A new finding in the current data is the marked difference between Nina and her caregivers. While Sarah matches her caregivers relatively well, producing only slightly more nonagreement, Nina produces drastically more nonagreement than her caregivers. Why might this be? Looking at the descriptive analyses, Nina's nonagreement appears in the same cells as her caregivers’: VS where, there, and here sentences. This suggests that Nina's over-production of nonagreement does not result from general confusion about agreement or about where variation is possible. However, in the conditional inference trees, the patterns that predict variation for Nina and her caregivers differ substantially. For her caregivers, sentence type is more predictive than order, and for Nina is the reverse. This mismatch suggests that Nina and her caregivers may be arriving at similar variation by different routes. This has interesting implications for acquisition: Children may be treating some potential conditioning factors as better bases for generalization than others, leading them to group there, where, and here sentences, even when they are differentiated in their input and despite the different linguistic analyses of their underlying structure. We return to this possibility in the General Discussion.
Search-and-Find corpus
Previous research suggests that agreement variation, particularly in existentials, is common not just across varieties but among individuals (e.g., Antieau, Reference Antieau2011; Hay & Schreier, Reference Hay and Schreier2004). To estimate its prevalence across families, we followed our analysis of Sarah and Nina's data by collecting a small corpus of caregiver and child speech using a Search-and-Find task. We first analyze data from all families together, providing information about patterns in the sample as a whole, and then we explore individual families’ patterns.
In the Search-and-Find task, caregivers sat with their children and worked through a simple Search-and-Find book (see Figure 5) that we designed to elicit there, where, and here constructions, and to promote plural subjects. Though we recorded and transcribed both parent and child speech, child speech made up a smaller proportion of the included sentences in this corpus (15% versus 31% for Sarah, 29% for Nina).
Methods
Participants
A total of one hundred English-speaking families participated in a Search-and-Find task over 105 sessions.Footnote 3 Sessions ranged from three to 18.5 minutes of recorded conversation (mean 7 minutes), for a total of about 12.5 hours of data. Children ranged in age from 1;7-6;0 (mean = 3;11, median = 3;11). Data was collected in 2016 and 2017 in central Pennsylvania. Participating caregivers grew up primarily in the Northeast and Mid-Atlantic US (n = 77) with smaller numbers from the Western US (n = 8), the Midwest (n = 8), and the US South (n = 1). Only one caregiver grew up outside the US (Toronto, Canada). The remaining caregivers specified broader regions (East/East Coast/Atlantic, n = 5; USA, n = 1). Caregivers’ highest level of education ranged from high school (n = 1) to a PhD or MD (n = 16). The most common level was a Bachelor's degree (n = 42), and the median level was a Master's degree (n = 35). The remaining caregivers had some college or an Associate's degree (n = 6).

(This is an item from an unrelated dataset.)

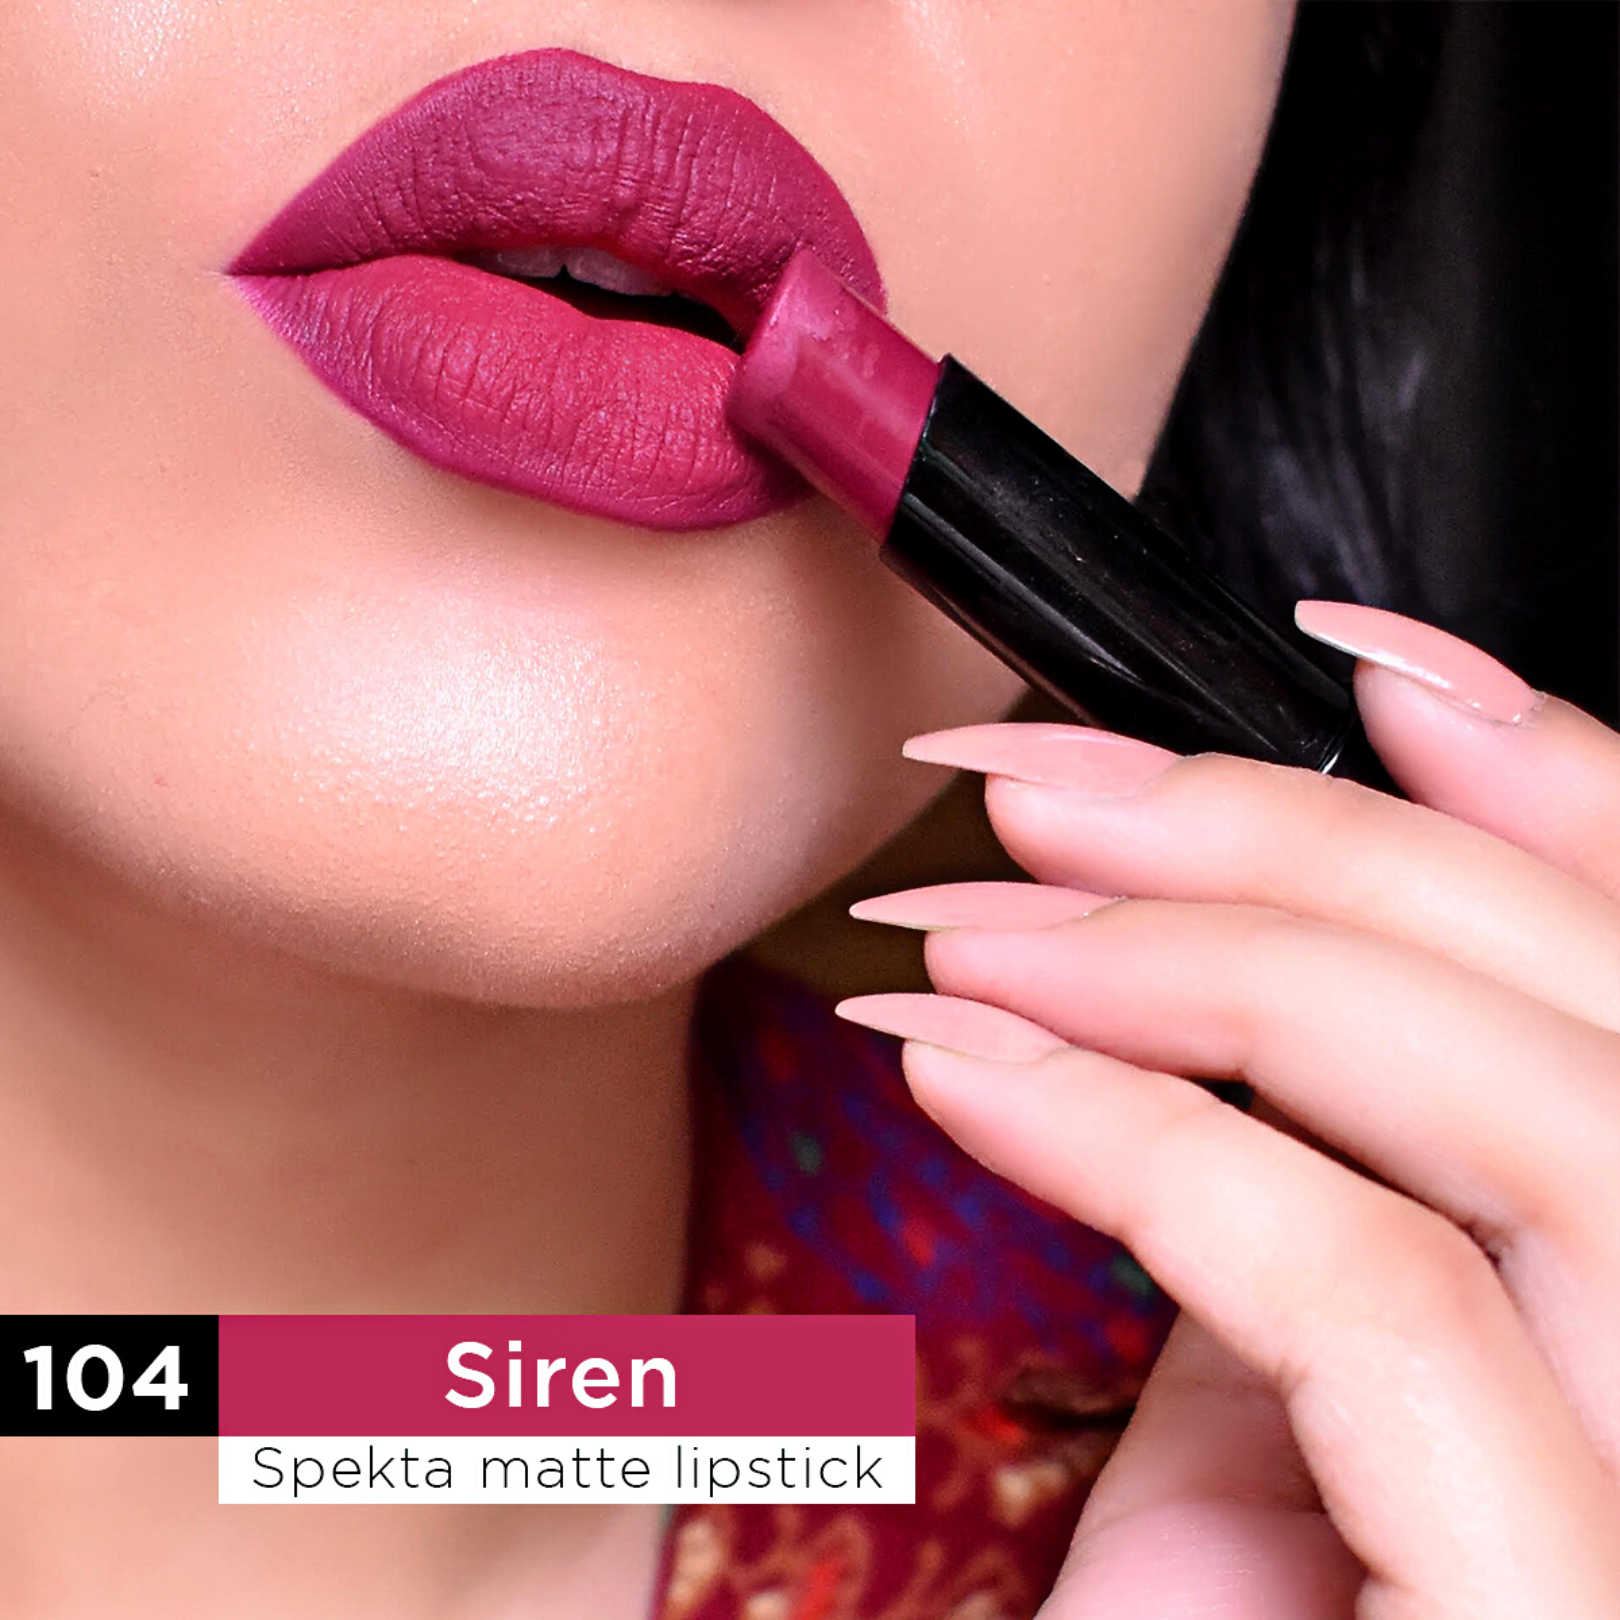 Spekta True Matte Lipstick- 104 Siren (3.7g, Reddish-plum)

Two additional families participated in the task but were not included because the participating caregiver did not learn English in early childhood.Footnote 4
Materials
Families were given a Search-and-Find book, in which each pair of pages included a moderately complex display of objects, and a smaller set of labeled objects (Figure 5). There were five pairs of pages (toys, beach, picnic, farm, bedroom), each with three singular and four plural items to locate.
Procedure
Sessions of the Search-and-Find task included one caregiver and their child or children. Caregivers and children were seated in adjacent chairs or with the child on the caregiver's lap in a corner of a quiet testing room with an audio recorder on a small table beside them. The researcher explained the task, then activated the recorder and moved behind a partition for the duration of the session. Caregivers were asked to work through the book with their child as they would at home.
Transcription, coding, and exclusions
Caregiver and child speech in each session was divided into turns and orthographically transcribed. Coding procedures and exclusions were identical to those described for the Sarah and Nina corpora above.
After exclusions, there were a total of 5,292 tokens of be with third-person singular or plural subjects for analysis (children: 769 tokens, caregivers: 4,523 tokens). Of these, 26% (n = 1383) had plural subjects (children: n = 170, caregivers: n = 1213). Quantity of data varied between families. Children produced a median of five included sentences (range: 0-33), and caregivers produced a median of 39.5 (range: 3-139). As before, we focus on sentences with plural subjects and return to sentences with singular subjects only for an analysis of contractedness.
Results
Descriptive observations
Figure 6 shows the distribution of plural and singular verb forms in sentences with plural subjects in the Search-and-Find corpus, split by speaker, order, subject type, and sentence type. Patterns were very similar to those in Sarah and Nina's corpora: Singular verb forms (i.e., nonagreement) occurred primarily and frequently in sentences with postverbal, nonpronoun subjects, particularly there, where, and here sentences.
Generalized linear model
We fit a mixed-effects generalized linear model of verb form with the categorical predictors speaker (caregiver/child), subject type (pronoun/nonpronoun), order (SV/VS), verb type (auxiliary/copula), and sentence type (other/where/there/here), and random intercepts by family. No interaction terms were included. Coding and contrasts were identical to the models for Sarah and Nina (See above section titled Generalized Linear Model).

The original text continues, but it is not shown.